Writing Lincoln’s first inaugural address

January 5, 2009 | By Jim Stovall | Filed in: Civil War.

Doris Kerns Goodwin, in her book Team of Rivals, tells an interesting story about the writing of the first inaugural address by Abraham Lincoln.

Lincoln’s second inaugural gets a great deal of attention from historians, but the circumstances of his 1861 speech made it one of the most important addresses ever given to that point in American history.

Lincoln’s election had provoked widespread feelings through the South that session was the only option left for the slave-holding states. The voices advocating a separate nation thundered loudly and in states like Alabama, Mississippi and South Carolina had overtaken any expression of moderation.

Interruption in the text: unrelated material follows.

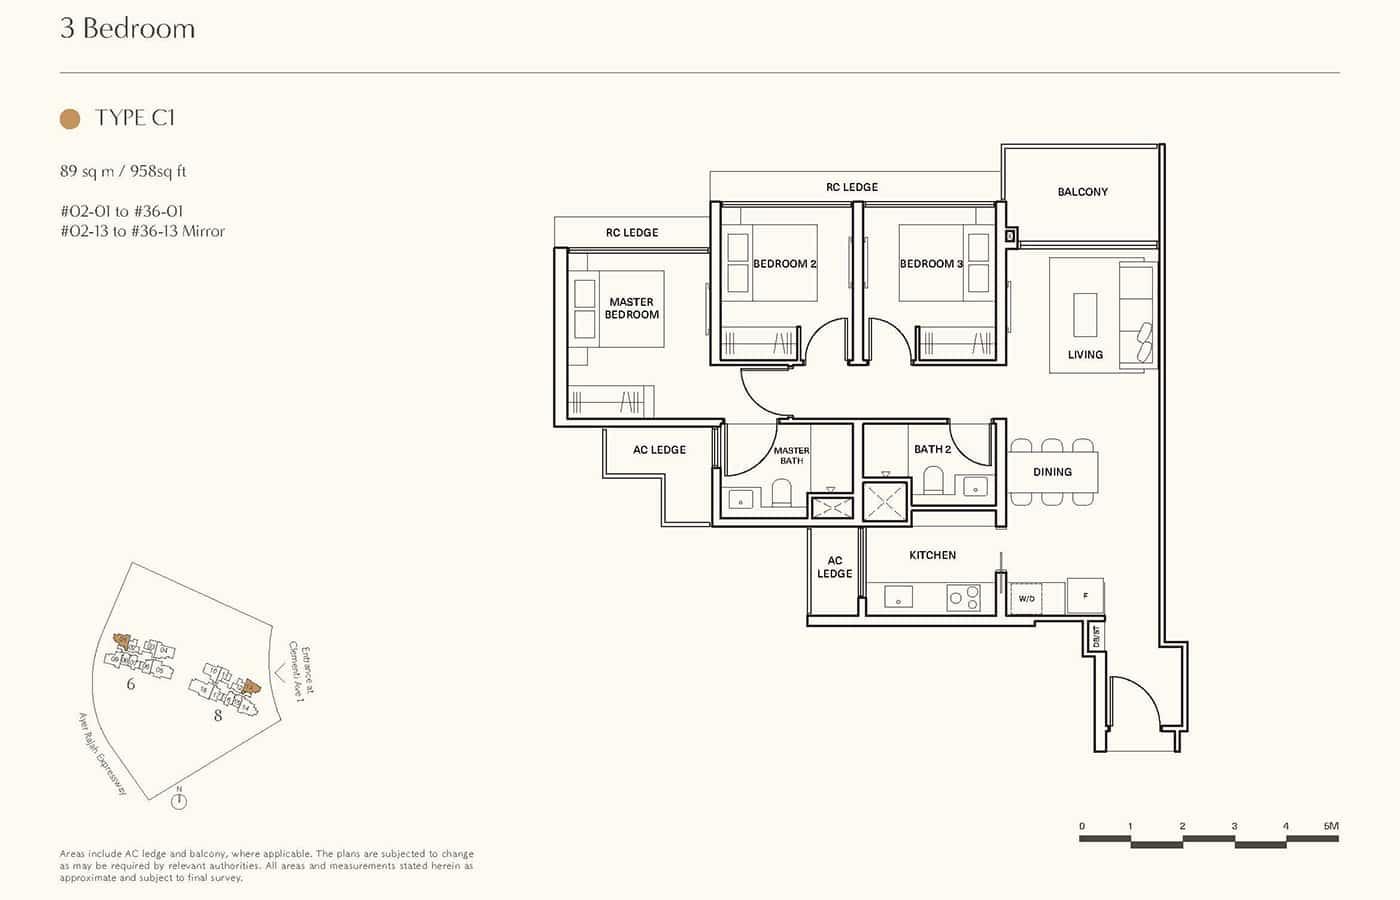 Clavon Condo Floor Plans - 3 Bedroom C1

The president-elect had not spoken to the nation since his nomination because campaigning for the presidency after one received the nomination of a party was thought to be undignified. Consequently, Lincoln’s words carried great import for the immediate future of the country. Different factions projected different attitudes onto the upcoming speech. Anti-slavery supporters expected Lincoln to stand up to the Southern firebrands. Moderates on all sides urged conciliation. Hard-line Southerners expected little from Lincoln that could change their minds, and many of them did not want to change their minds.

Still, the president had to try to hold the country together with this speech

He showed drafts of it to several people including William Seward, his chief rival for the Republican presidential nomination and now his nominee for Secretary of State. Seward suggested changes throughout, but he was most disturbed at Lincoln’s ending. Seward had counseled moderation, and Lincoln’s draft, he thought, was far too harsh to give moderation any hope.

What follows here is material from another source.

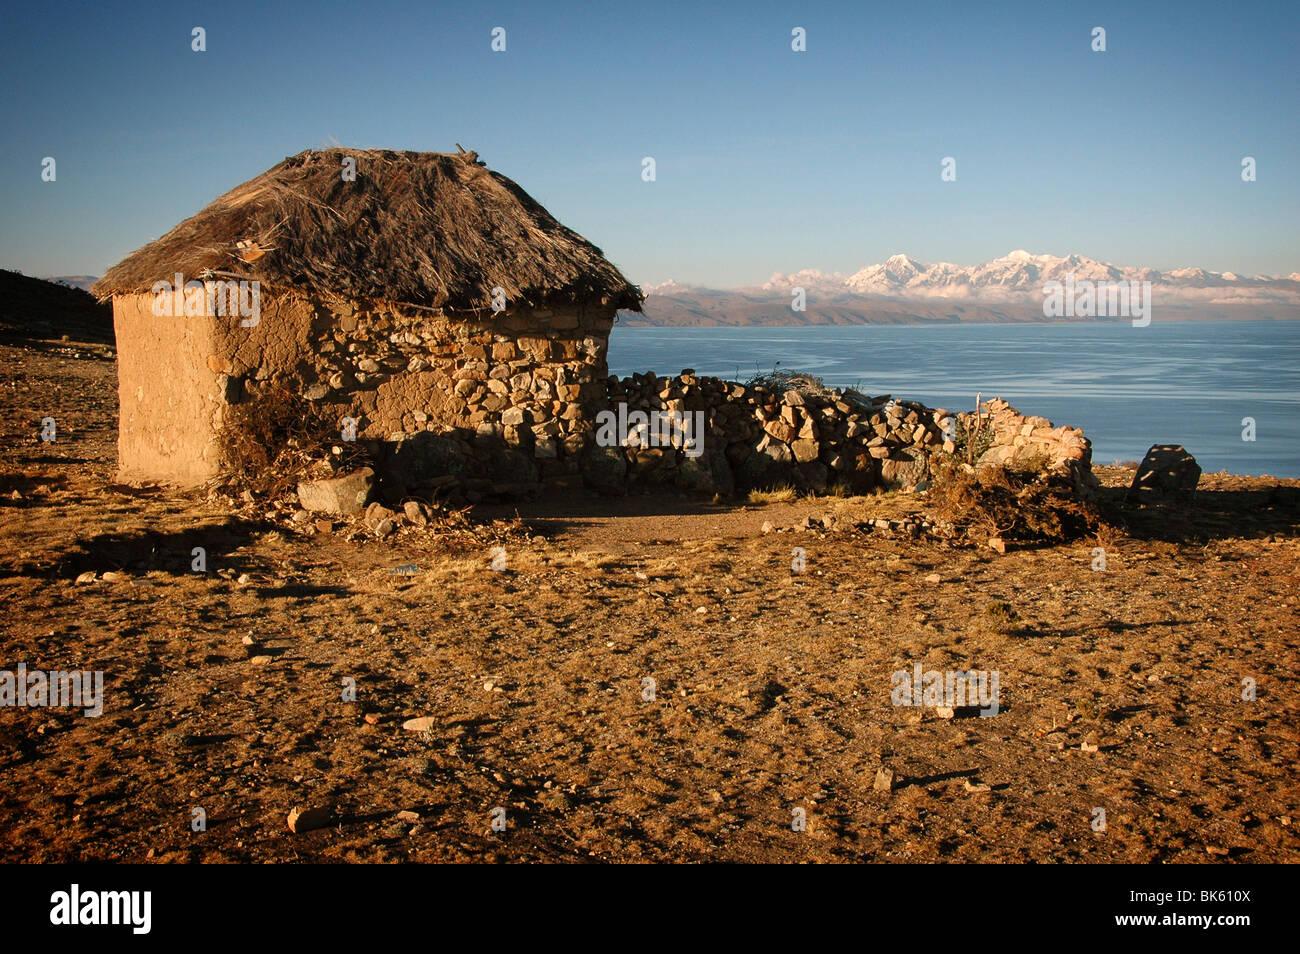 Isla del Sol, Bolivia - Stock Image

Instead, he suggested this ending:

I close. We are not we must not be aliens or enemies but fellow countrymen and brethren. Although passion has strained our bonds of affection too hardly, they must not, I am sure they will not be broken. The mystic chords which proceeding from so many battle fields and so many patriot graves pass through all the hearts and all the hearths in this broad continent of ours will yet again harmonize their ancient music when breathed upon by the guardian angel of the nation.

Lincoln took those words and ideas and made them his own:

I am loth to close. We are not enemies, but friends. We must not be enemies. Though passion may have strained it must not break our bonds of affection. The mystic chords of memory, stretching from every battle-field, and patriot grave, to every living heart and hearthsone, all over this broad land, will yet swell the chorus of the Union, when again touched, as surely they will be, by the better angels of our nature.

Lincoln’s sharp thinking and succinct writing took Seward’s good words and turned them into what Doris Kerns Goodwin calls “powerful poetry.”

The words did not, unfortunately, prevent disunion and four years of bloody battles. But when that was done, they gave voice to the enduring sentiment of American unity.